Polar Bears: October and November
The bears come to Churchill because of geography. Churchill sits on the migration route polar bears use to move from their summer inland denning grounds to Hudson Bay, where they wait for the ice to form so they can hunt ringed seals. The bears congregate along the shoreline from late September through November, peaking in early November before the bay freezes. An estimated 900-1,000 bears move through the Churchill Wildlife Management Area during peak season.
Tundra Buggy tours are the standard viewing method: large, high-clearance purpose-built vehicles that operate legally on the tundra outside town and can approach bears at distances that would be impossible on foot. Frontiers North Adventures and Natural Habitat Adventures are the main operators, with Polar Bears International scientists frequently embedded in the camps for educational programming.
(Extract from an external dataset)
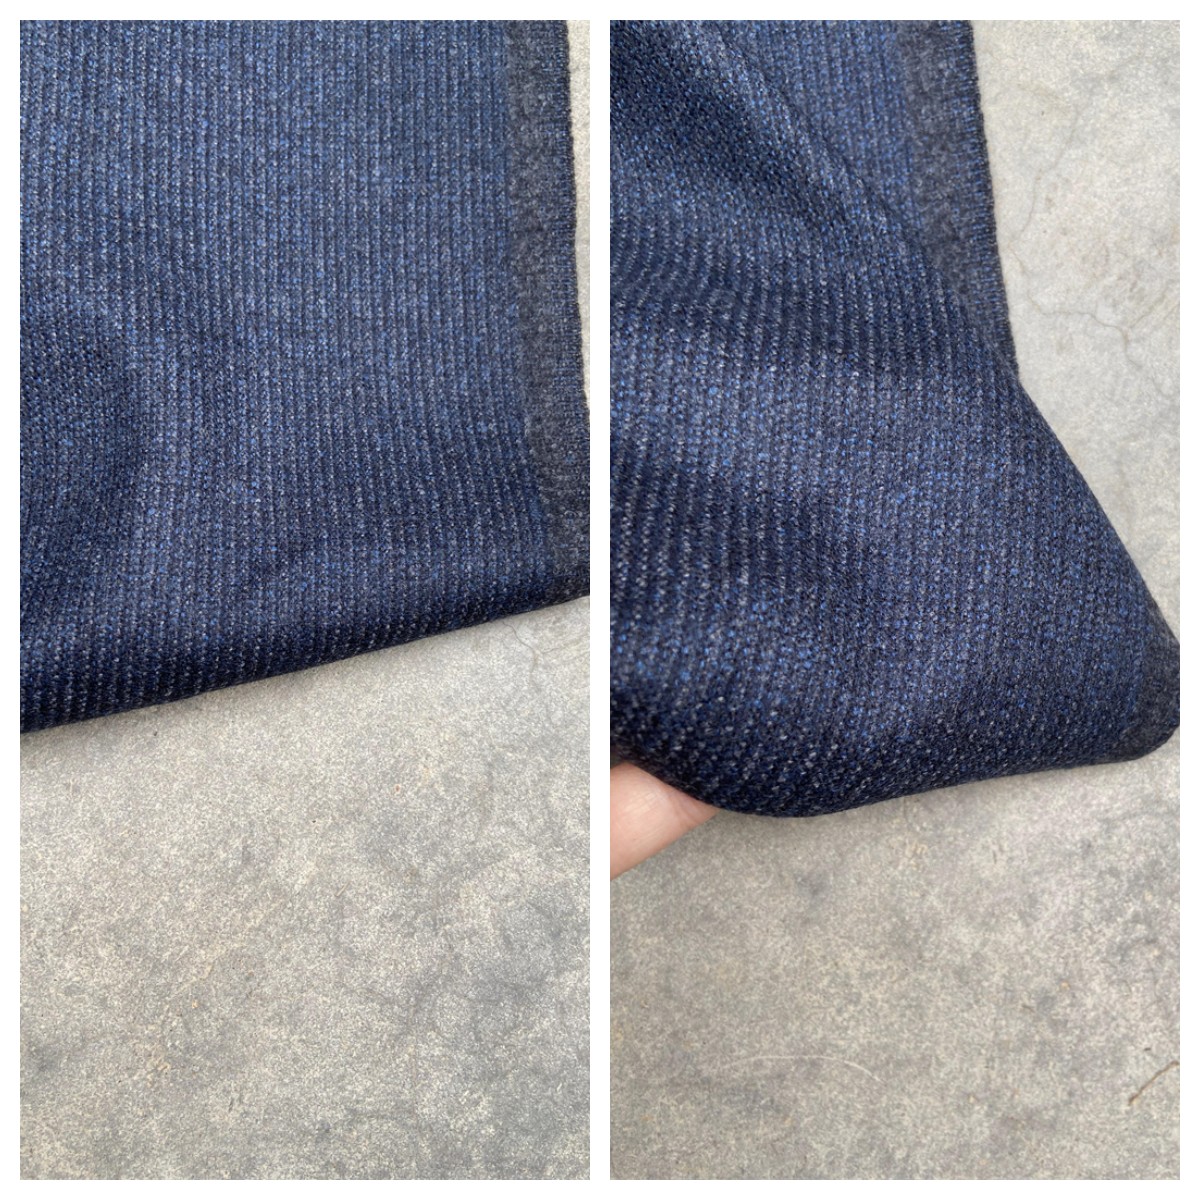 黑灰蓝粗做柔软舒适粗纺纯羊毛进口秋冬面料定制西装西裤套装布料

Full-day Tundra Buggy tours run CAD 200-350 per person; multi-night Tundra Buggy Lodge packages (living aboard a mobile camp on the tundra) run considerably more and sell out months ahead.
The bears approach the vehicles out of curiosity. Distances of 3-10 metres are routine. You do not leave the vehicle.
The 2026 tour departure dates run through October and November. Book in advance – peak weeks in late October and early November fill up 12-18 months out for the better operators.
Beluga Whales: July and August
Tens of thousands of beluga whales enter the Churchill River estuary and Hudson Bay around ice-out in late June and July, coming to calve, feed, and shed their outer skin in the warmer shallow water. Standing on the Churchill River bank in July and watching hundreds of white shapes surfacing simultaneously is its own kind of spectacle.
Sea North Tours and other operators run kayaking tours among the belugas. Belugas are curious and vocal – they produce a wide range of clicks, chirps, and whistles clearly audible through a kayak hull – and they approach within arm’s reach. Kayak tours run CAD 90-150 per person for a 2-3 hour session. This is one of very few places on earth where you can legally paddle among large cetaceans in open water.
Northern Lights
Churchill’s subarctic latitude (58 degrees north) puts it under the auroral oval. September through March offer reliable aurora potential; February has the most consistently clear nights and the most intense displays, with temperatures regularly reaching -40 degrees Celsius with windchill. Guided aurora viewing tours operate most evenings in season. Dress as if you are going outside at -40 because you are.
Where to Stay and Eat
Churchill has a handful of hotels. The Lazy Bear Lodge is the most established tourist-focused option with packages that include tours. The Polar Inn and Suites is the main town hotel. Accommodation is scarce during peak polar bear season and should be booked months ahead – not weeks, months.
The Gypsy’s Bakery on Kelsey Boulevard serves breakfast and lunch and functions as the town’s most reliable food institution for independent visitors. Food options in Churchill are limited and honest; this is not a gastronomic destination. The point is the bears.